Drawing a GMD with given values and weights

Question

I want to plot a gaussian mixed distribution where I have all the given values that I should need, but somehow they combine to one distribution, I'm not sure where I'm going wrong.

I tried using the solution presented in this question but they didn't plot the GMD as a convex combination of two distributions, but instead took random samples from one or the other distributions. This is what I tried to solve that, but it looks like the plot just has a single gaussian distribution;

import matplotlib.pyplot as plt
import numpy as np
import seaborn as sns
import random as rnd

theta = np.array([[3.91973221e-05, 2.59889568e-04], [5.32160367e-06, 4.99763548e-06],[6.65158426e-01, 3.34841574e-01]])

n = 100000
number_of_distributions = 2
mu = theta[0]
sigma = theta[1]
weights = theta[2]
samples = []

for i in range(n):
       population = [rnd.gauss(mu[i], np.sqrt(sigma[i])) for i in range(number_of_distributions)]
       samples.append(rnd.choices(population, weights=weights))
sns.distplot(samples)
plt.show()

Basically I want it to be a little more clear in the graph that it's two separate gaussian distributions, and by observing the plot someone who hasn't seen the code should be able to distinguish how big the difference is between the two distributions.

Answer 1

I would say your code is fine.
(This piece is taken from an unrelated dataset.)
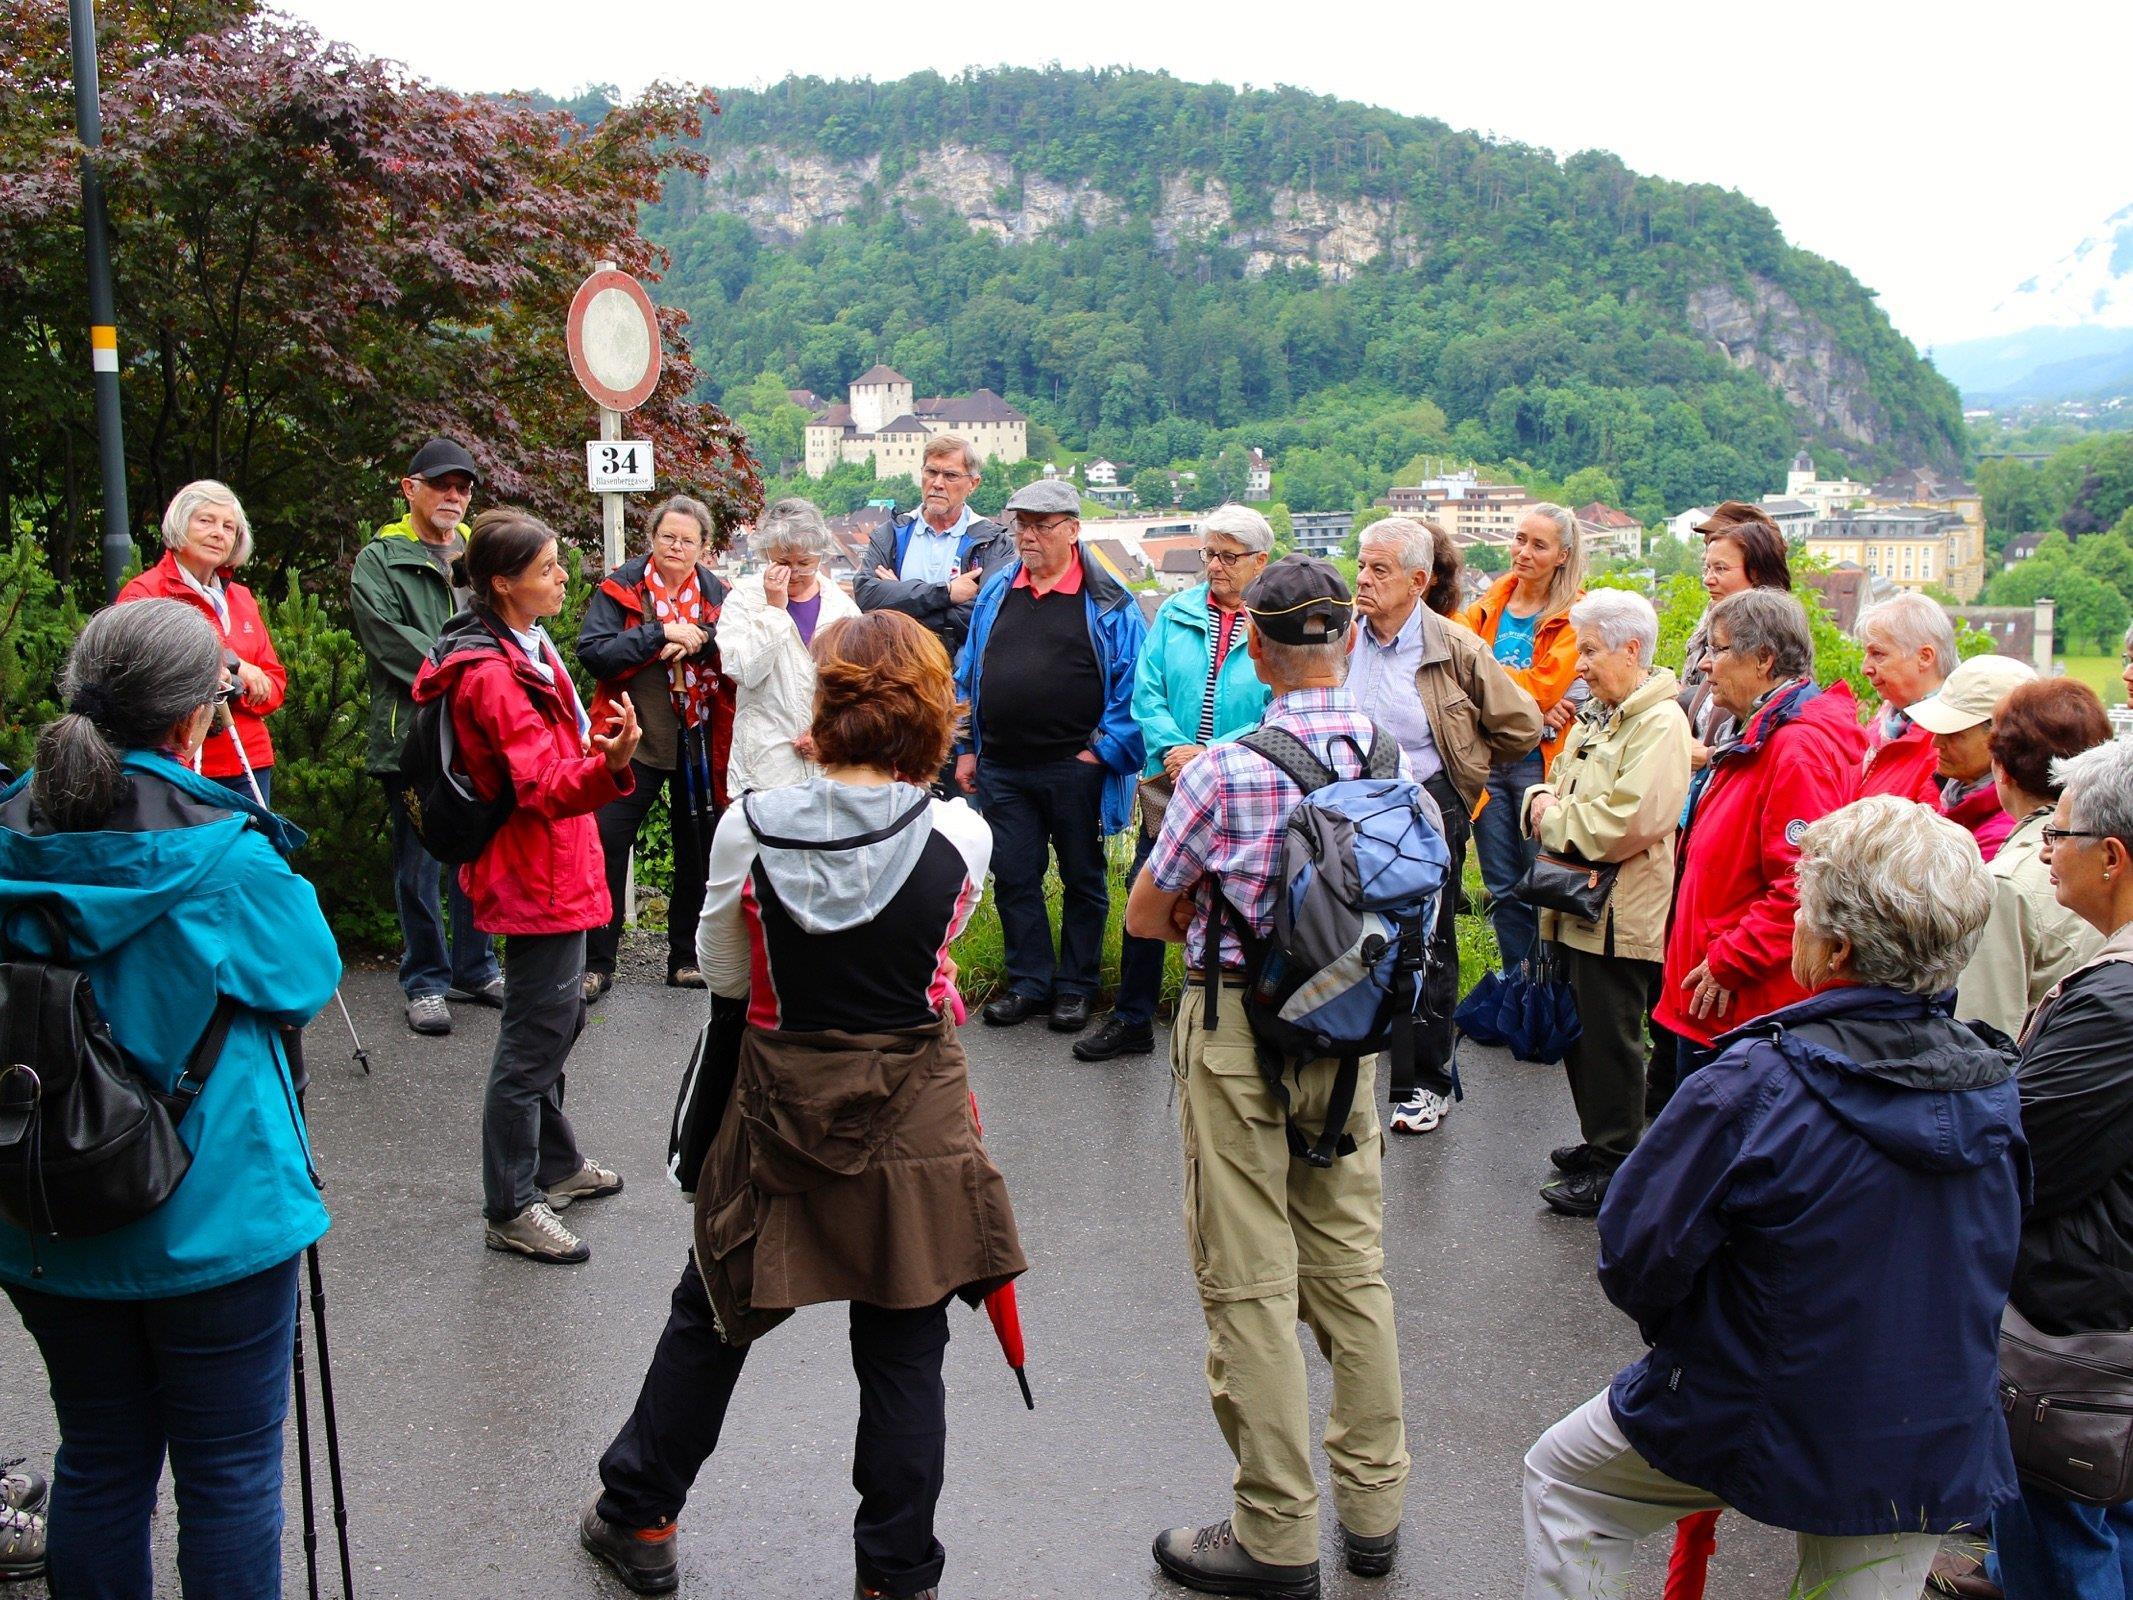 Die geführte Wanderung zum Feldkircher Naturjuwel am Margarethenkapf stieß auf großes Interesse bei den Seniorinnen.
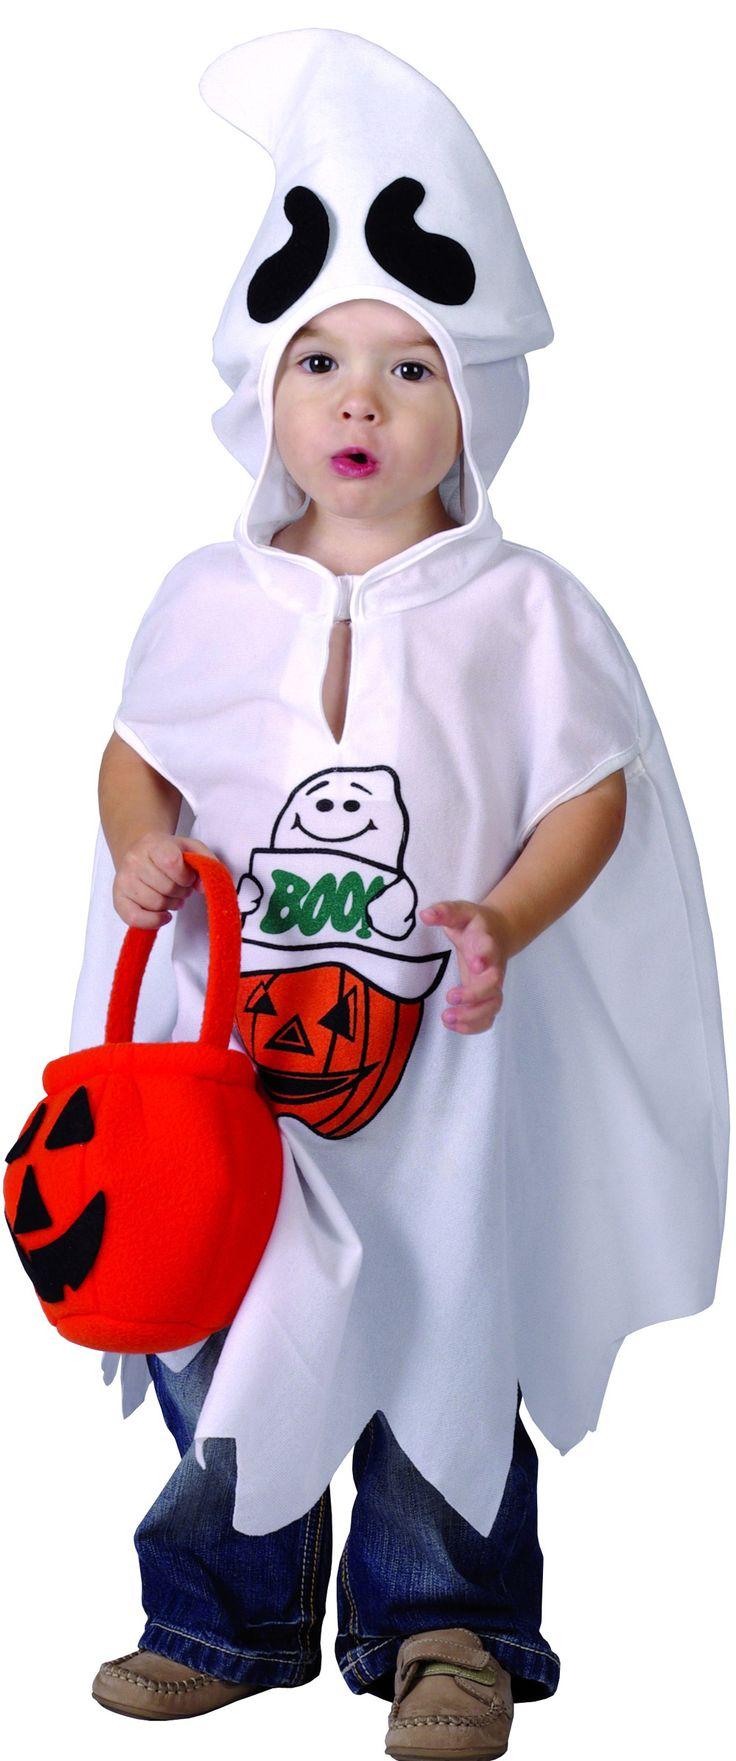 Disfraz fantasma niño : Disfraces niños, y disfraces originales baratos - Vegaoo

The problem is that your distributions are very similar and overlap much. You can see a little asymmetry on the top of your pdf function, the rest is pretty similar and thou invisible.

You have two options:

Option 1

If you can change your data a little bit, try to shift one of the means:

This is for mu[0]=0.91973221e-02

Option 2

If you have to work with that data set and cannot change mu or sigma, you can play with the bandwidth parameter bw of the kde function (and increase the number of bins of your histogram). For some bw values the pdf function is not that smooth so you can see two peaks of your distributions:

sns.distplot(samples, bins=400, kde_kws={"bw": 0.004})
plt.xlim(-0.015, 0.015)

Don't forget to adjust the xlim parameter of your plot. Sometimes it looks strange for small bw values:

..just to be sure

You used sqrt of your sigma parameters when generating the random numbers. If sigma means standard deviation in your preset, use it directly.